COUR D'APPEL D'ORLÉANS
CHAMBRE DES AFFAIRES DE SÉCURITÉ SOCIALE
GROSSE à :
SELARL [6]
CPAM DU [Localité 4]
EXPÉDITION à :
SOCIÉTÉ [3]
MINISTRE CHARGÉ DE LA SÉCURITÉ SOCIALE
Pôle social du Tribunal judiciaire d'ORLEANS
ARRÊT DU : 08 NOVEMBRE 2022
Minute n°474/2022
N° RG 20/02710 - N° Portalis DBVN-V-B7E-GIMM
Décision de première instance : Pôle social du Tribunal judiciaire d'ORLEANS en date du 17 Novembre 2020
ENTRE
APPELANTE :
CPAM DU [Localité 4]
[Adresse 5]
[Adresse 5]
Représenté par Mme [Z] [P], en vertu d'un pouvoir spécial
D'UNE PART,
ET
INTIMÉE :
SOCIÉTÉ [3]
[Adresse 2]
[Adresse 2]
Représentée par Me Michaël RUIMY de la SELARL R & K AVOCATS, avocat au barreau de LYON, substitué par Me Julien TSOUDEROS, avocat au barreau de PARIS
PARTIE AVISÉE :
MONSIEUR LE MINISTRE CHARGE DE LA SECURITE SOCIALE
[Adresse 1]
[Adresse 1]
Non comparant, ni représenté
D'AUTRE PART,
COMPOSITION DE LA COUR
Lors des débats :
En application des dispositions de l'article 945-1 du Code de procédure civile, l'affaire a été débattue le 21 JUIN 2022, en audience publique, les parties ne s'y étant pas opposées, devant Madame Carole CHEGARAY, Président de chambre, chargé du rapport.
Lors du délibéré :
Madame Sophie GRALL, Président de chambre,
Madame Carole CHEGARAY, Président de chambre,
Monsieur Laurent SOUSA, Conseiller
Greffier :
Monsieur Alexis DOUET, Greffier lors des débats et du prononcé de l'arrêt.
DÉBATS :
A l'audience publique le 21 JUIN 2022.
ARRÊT :
- Contradictoire, en dernier ressort
- Prononcé le 08 NOVEMBRE 2022, après prorogation du délibéré, par mise à la disposition des parties au Greffe de la Cour, les parties en ayant été préalablement avisées dans les conditions prévues au 2ème alinéa de l'article 450 du Code de procédure civile.

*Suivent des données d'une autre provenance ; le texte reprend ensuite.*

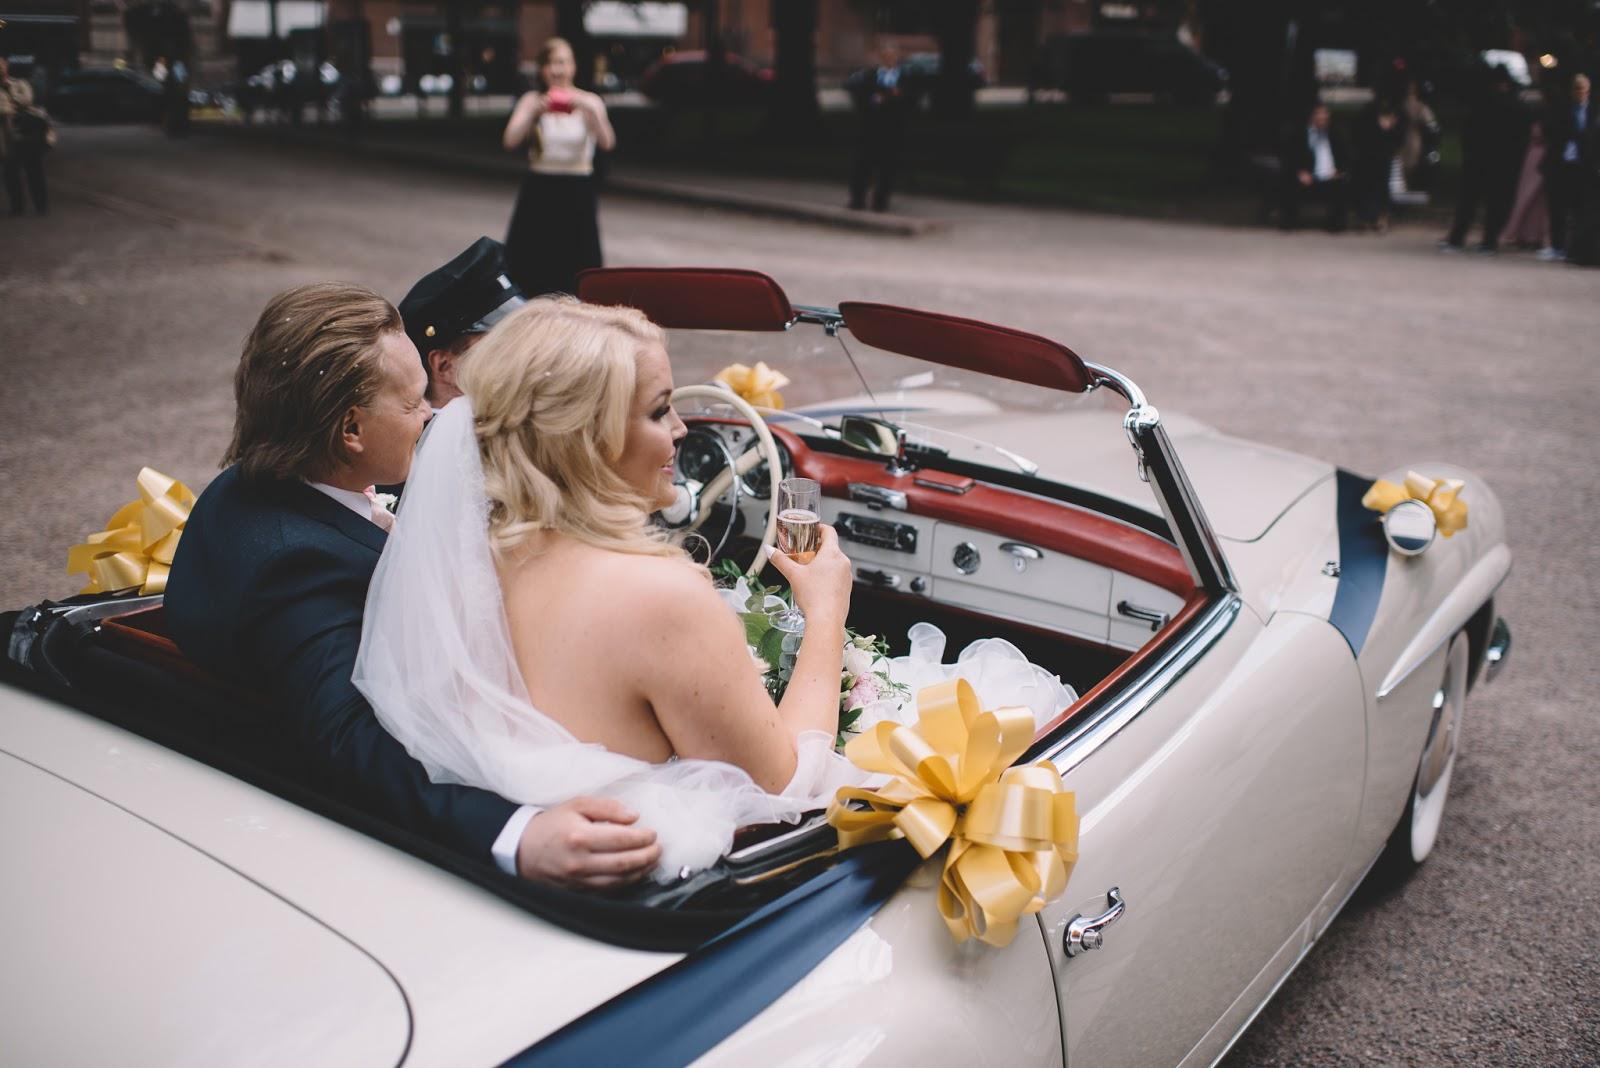 C Car eli hääauto hehe. Hääautonamme toimi tuttumme harrasteauto ja se oli  niin ihana ja he olivat ihanasti koristelleet sen jopa meidän teemaväreillä. 458b3bab7d

- Signé par Madame Carole CHEGARAY, Président de chambre et Monsieur Alexis DOUET, Greffier auquel la minute de la décision a été remise par le Magistrat signataire.
*
Le 22 janvier 2018, M. [C] [Y], salarié de la société [3] depuis 2007 en qualité de maçon-coffreur, a établi une déclaration de maladie professionnelle faisant état d'une 'hernie discale L4-L5 bilatérale'. Le certificat médical initial du 18 janvier 2018 joint à la déclaration mentionne 'sciatalgies bilatérales. volumineuse hernie discale L4-L5 opérée le 24 décembre 2017".
Après avoir procédé à une instruction médico-administrative du dossier, la caisse primaire d'assurance maladie du [Localité 4] a accordé à M. [Y] le bénéfice de la législation professionnelle pour une affection inscrite au tableau 98 des maladies professionnelles traitant des 'affections chroniques du rachis lombaire provoquées par la manutention manuelle de charges lourdes'.
Cette décision de prise en charge a été notifiée à la société [3] par courrier du 19 décembre 2018.
La société [3] a contesté cette décision le 14 février 2019 devant la commission de recours amiable, laquelle a rejeté son recours lors de sa séance du 16 mai 2019.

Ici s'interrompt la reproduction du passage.